By John Diedrich and Ben Poston, Milwaukee Journal Sentinel –

MILWAUKEE — The U.S. Food and Drug Administration is required to inspect drugmakers every two years, but the Milwaukee Journal Sentinel found more than a thousand drug firms that have not been inspected for five years or more.

Examining inspection data since 1999, the newspaper found a similar pattern with medical device makers, but Congress does not require the agency to inspect those firms every two years. There is no set time period on when device makers should be inspected.

FDA officials did not dispute the newspaper’s findings, but said not all drug plants deserve the same oversight.

David Elder, director of the FDA’s Office of Regional Operations, said the agency would focus on a prescription drugmaker over firms that repackage drugs or those that test materials for quality.

“We cover the industry as well as we can with the available resources,” said Elder. “I don’t think there is a large gap in our areas of coverage that has a public health impact.”
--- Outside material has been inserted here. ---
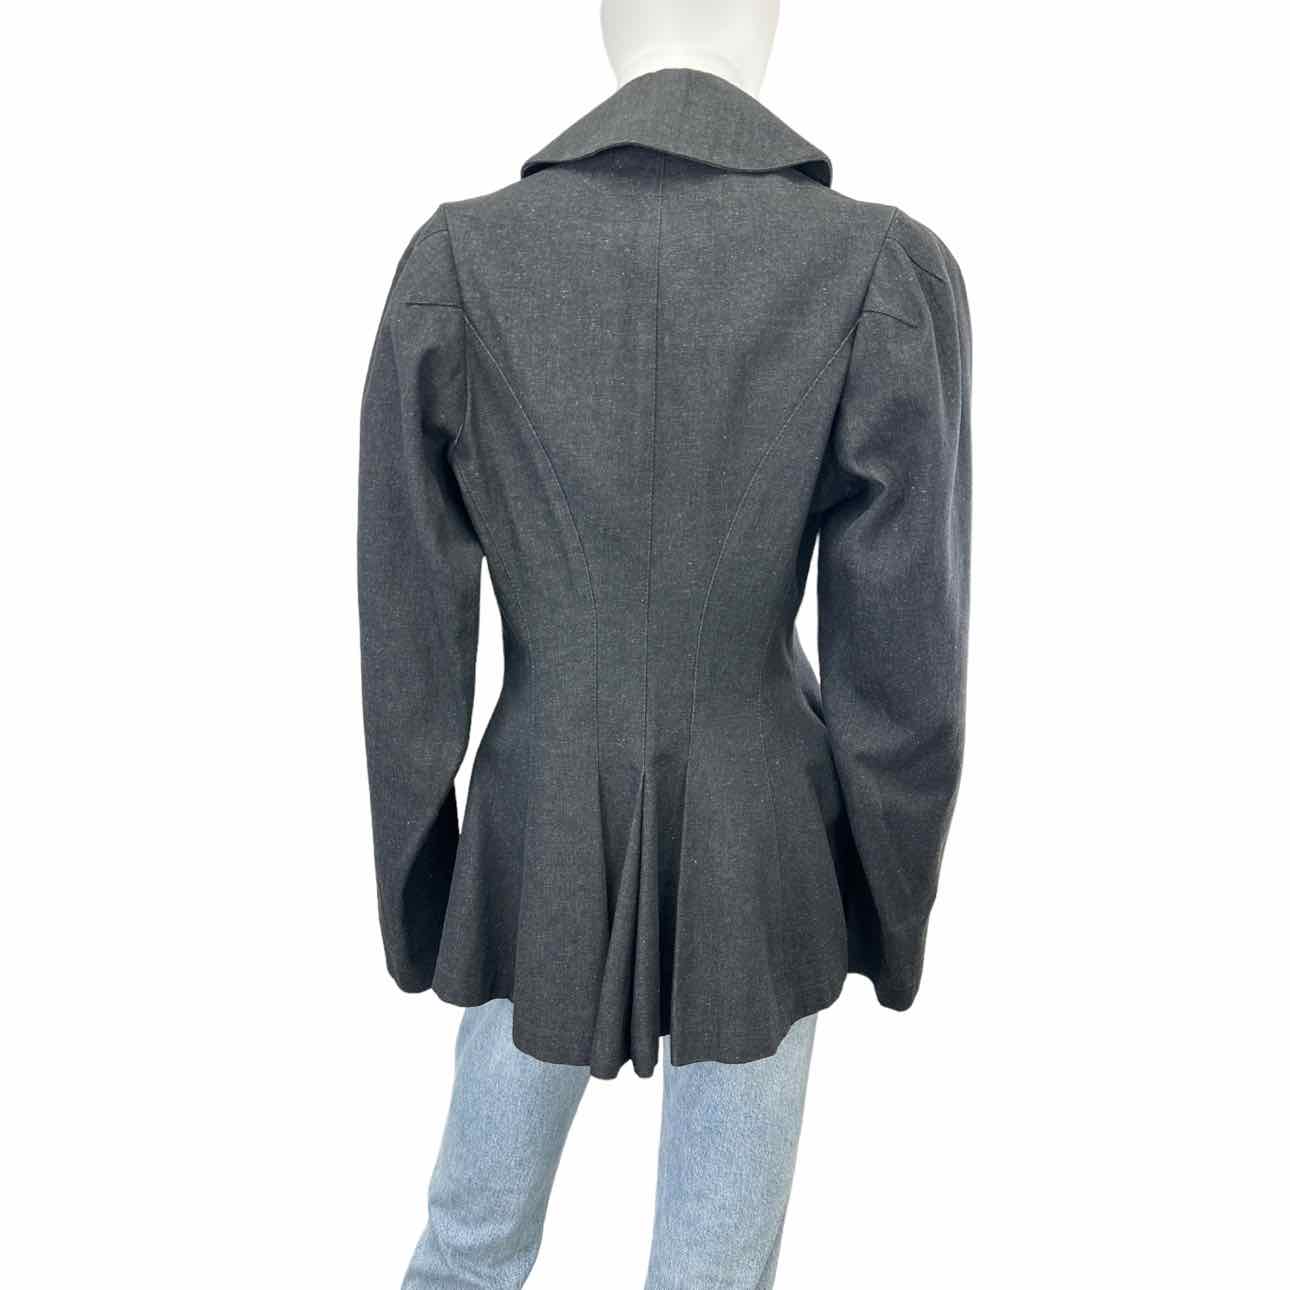 18008KAMALI Vintage Gray Jacket, peplum
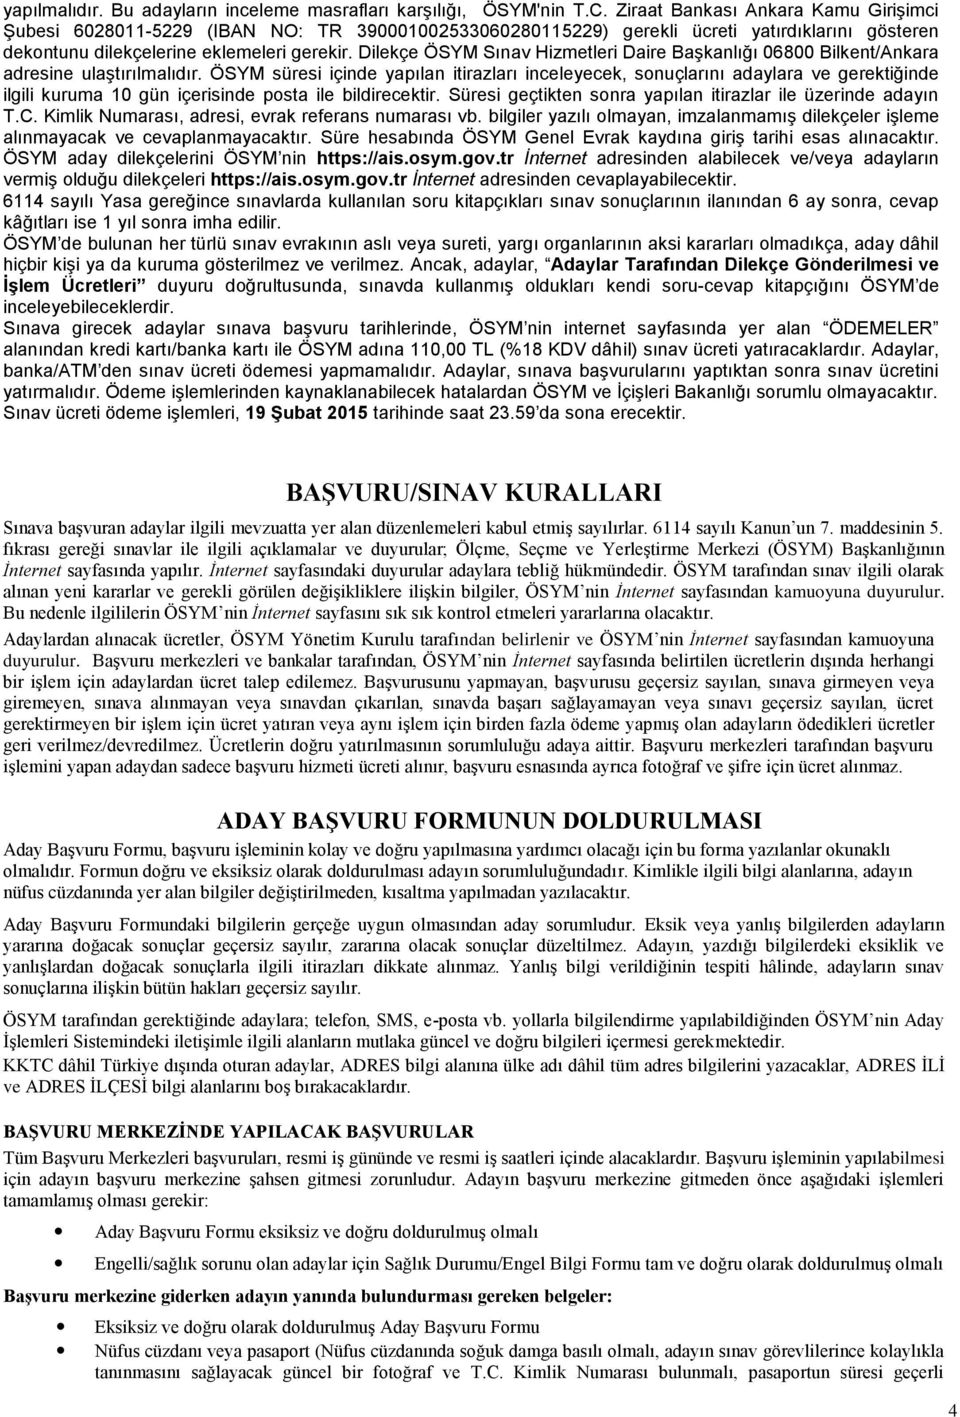 Dilekçe ÖSYM Sınav Hizmetleri Daire Başkanlığı 06800 Bilkent/Ankara adresine ulaştırılmalıdır.

The agency uses a risk-based approach to decide which locations to inspect. The FDA says it considers type of product, previous violations and recalls, along with the time since the last inspection in deciding which locations to inspect.

“If a company has a decent compliance history and no changes in ownership, they might not have been (inspected),” Elder said, “We have to look at the risk factors. As we look at all different firms, if we get into one of those (not inspected for years), we are not getting into another location. We have to allocate our resources the best we can to address the risk.”

The agency’s number of inspectors has climbed in recent years but is still not enough to get to all plants, officials said.

Industry observers say the agency tends to target large operations while sometimes missing smaller ones.

“Industry has proven time and time again we are no angels and there is a segment that will do whatever they can to increase profits,” said Scott Sutton, a microbiologist who runs a consulting firm and advises cosmetic and drug firms.

“There is a strong sense that many ethical companies are being held to very high standards of documentation practice, which may have minimal effect on the finished product, while other manufacturing facilities are going unchecked.”

FDA gets to even fewer cosmetic firms. The agency inspects about 115 cosmetic firms a year, in the United States and overseas, the Journal Sentinel’s analysis shows. FDA has authority over plants that produce products brought into the U.S.

The agency doesn’t know how many cosmetic firms there are because registration is voluntary. The FDA estimates there are 1,150 domestic cosmetic firms, plus an unknown number overseas. Industry observers suggest the number could be closer to 5,000 in the U.S. alone.

Elder said the risk is lower with cosmetics, and the law does not require specific manufacturing standards as it does with drugs, devices and food. The law also does not require cosmetic companies to tell the FDA of a serious illness or injury suspected of being caused by their product.

Along with other groups, the Personal Care Products Council, which represents the cosmetics industry, has lobbied to create tougher standards, among others. Congress did not act on a bill to do so in 2009.